L’approccio metodologico nell’ambito del presente progetto, punterà quindi ad individuare le soluzioni progettuali che, nell’assoluto rispetto della sicurezza idraulica, permettano, da un lato la riqualificazione ambientale e paesaggistica del Fiume Era, e dall’altro una riduzione significativa dei carichi di inquinanti ivi presenti. Inoltre, saranno elaborate proposte volte a valorizzare da un lato le emergenze naturalistiche presenti sul territorio ed il ripristino della continuità ecologica, dall’altro una corretta fruibilità del fiume.

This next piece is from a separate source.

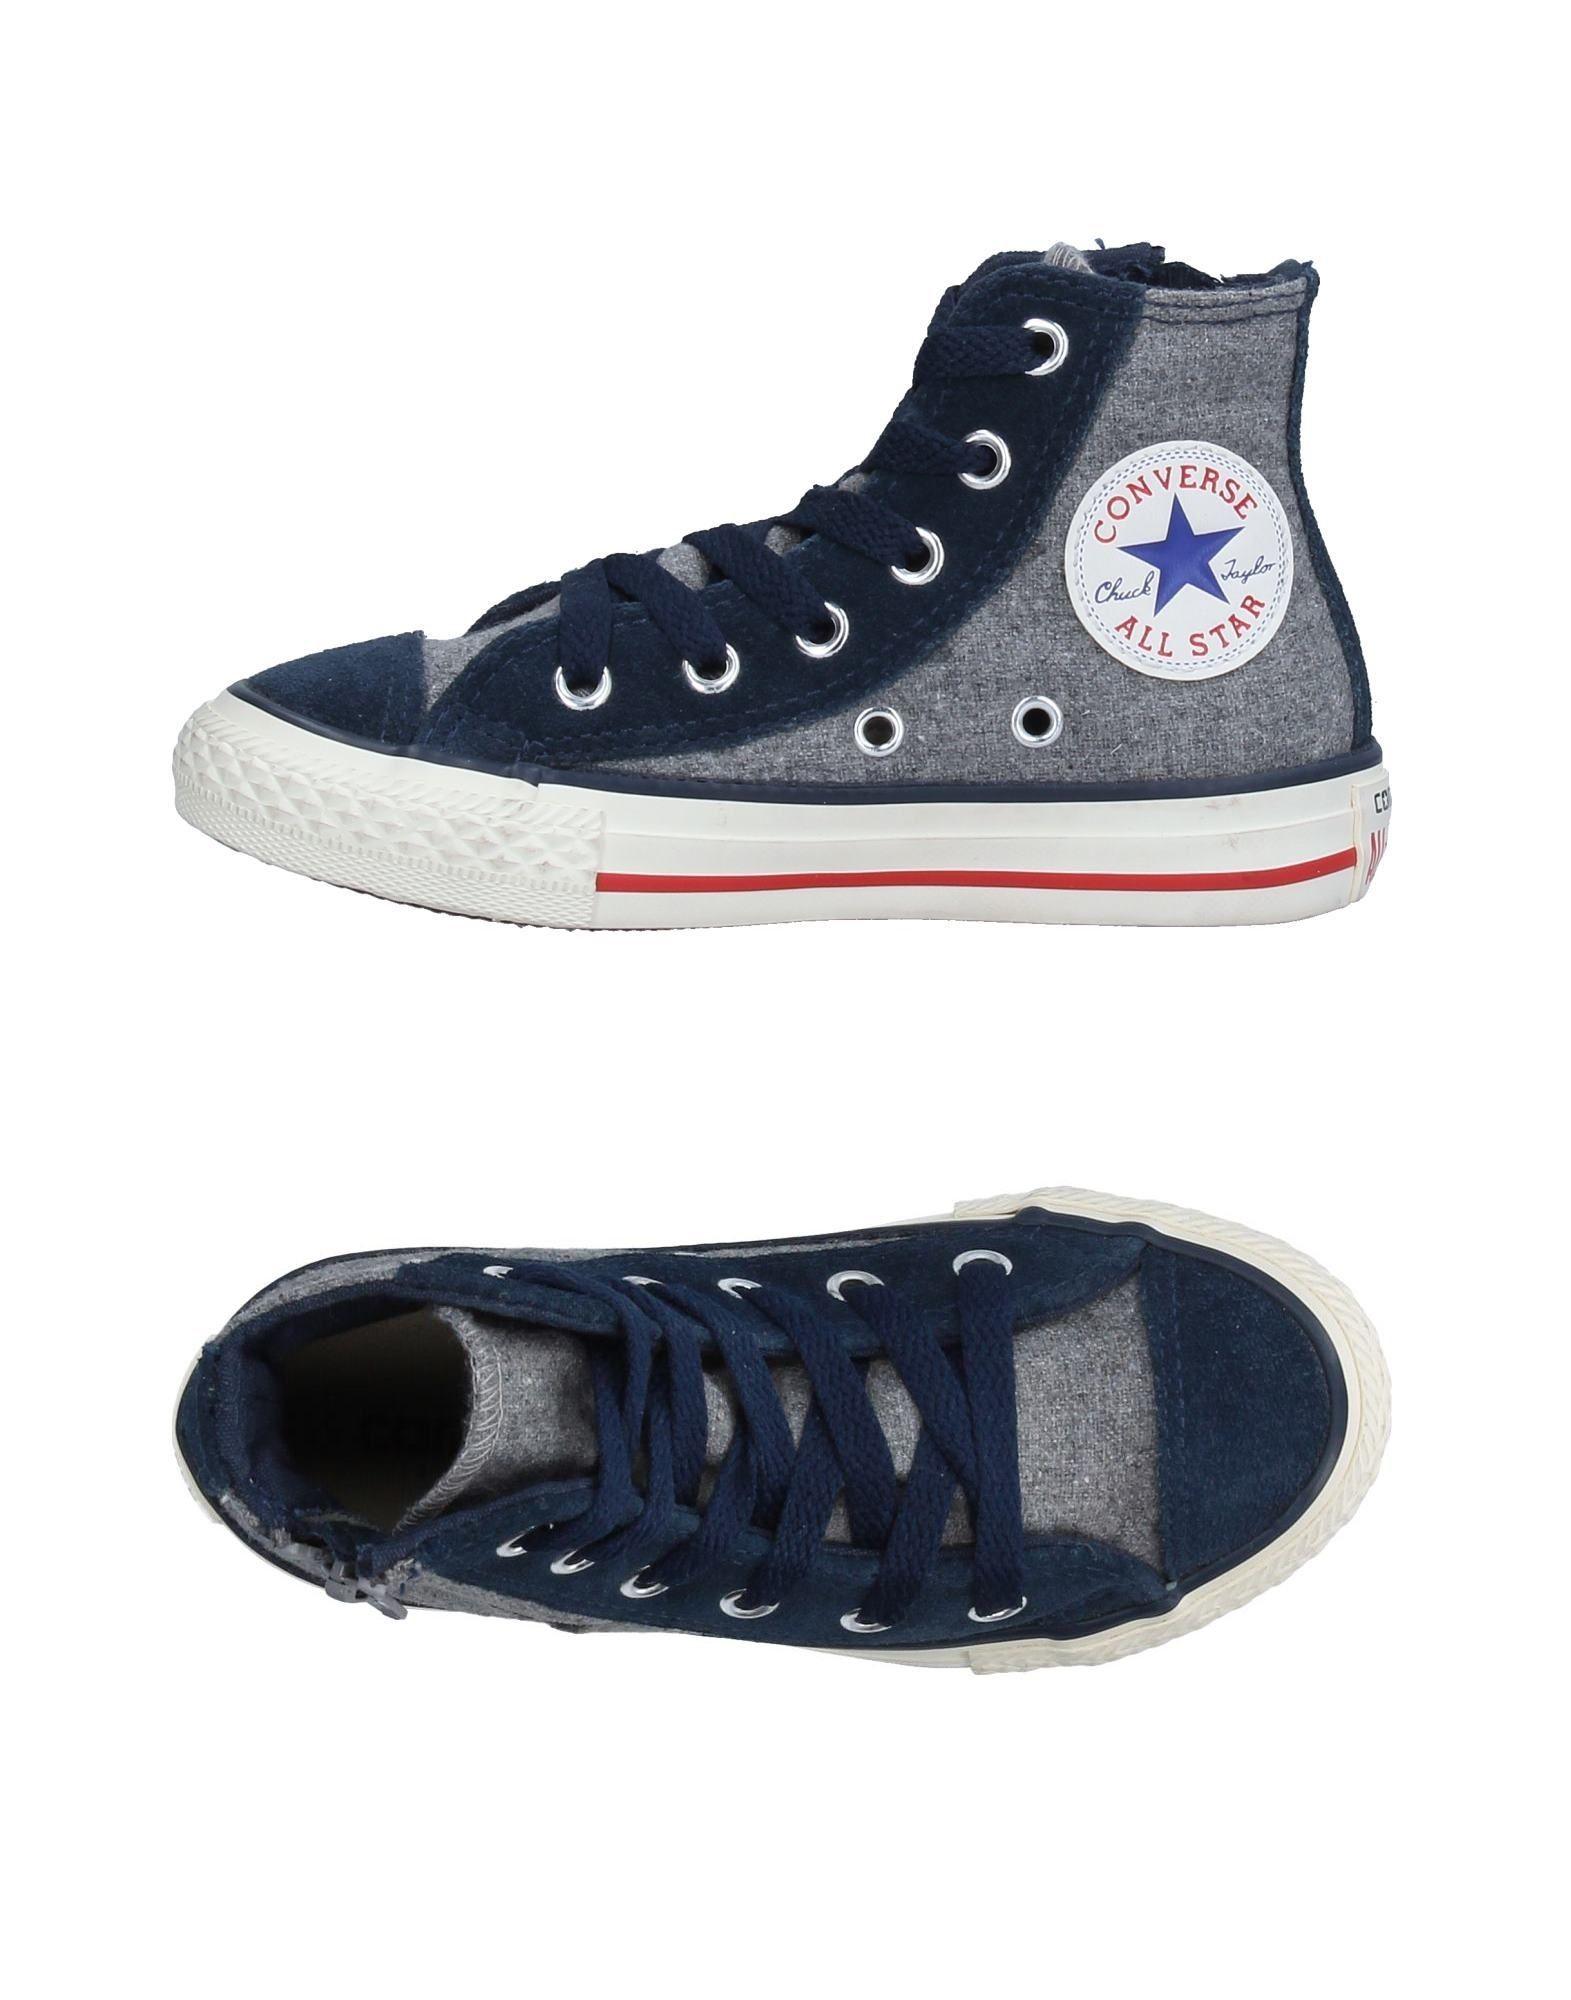 CONVERSE ALL STAR Jungen 3-8 jahre High Sneakers & Tennisschuhe Farbe Grau Größe 21

"Questo progetto sulla qualità delle acque superficiali del fiume s’inquadra nel contesto di una campagna complessiva promossa in questi anni dalla Provincia di Pisa - afferma Valter Picchi, Assessore all'Ambiente della Provincia di Pisa - per la ‘salvaguardia totale’ del bacino dell’Era. Una strategia della quale, oltre all’aspetto appunto della tutela della salubrità idrica (che si eserciterà ad esempio attraverso il controllo delle potenziali fonti inquinanti, a partire dagli scarichi civili e industriali), prevede tutta una serie di altri capitoli. Fra essi quello della difesa idraulica, che vede in atto la realizzazione di un articolato sistema di casse d’espansione, con un impegno di risorse di provinciali, regionali e statali pari globalmente a oltre 20 milioni di euro: il risultato sarà la messa in sicurezza del territorio rispetto ai maggiori eventi alluvionali registrati negli ultimi 2 secoli. E poi c’è l’impegno, assolutamente non secondario - conclude Valter Picchi - per il mantenimento del ‘paleoalveo’, mirato alla conservazione della risorsa idrica e in base al quale è previsto, nei prossimi anni, il blocco di nuove attività estrattive".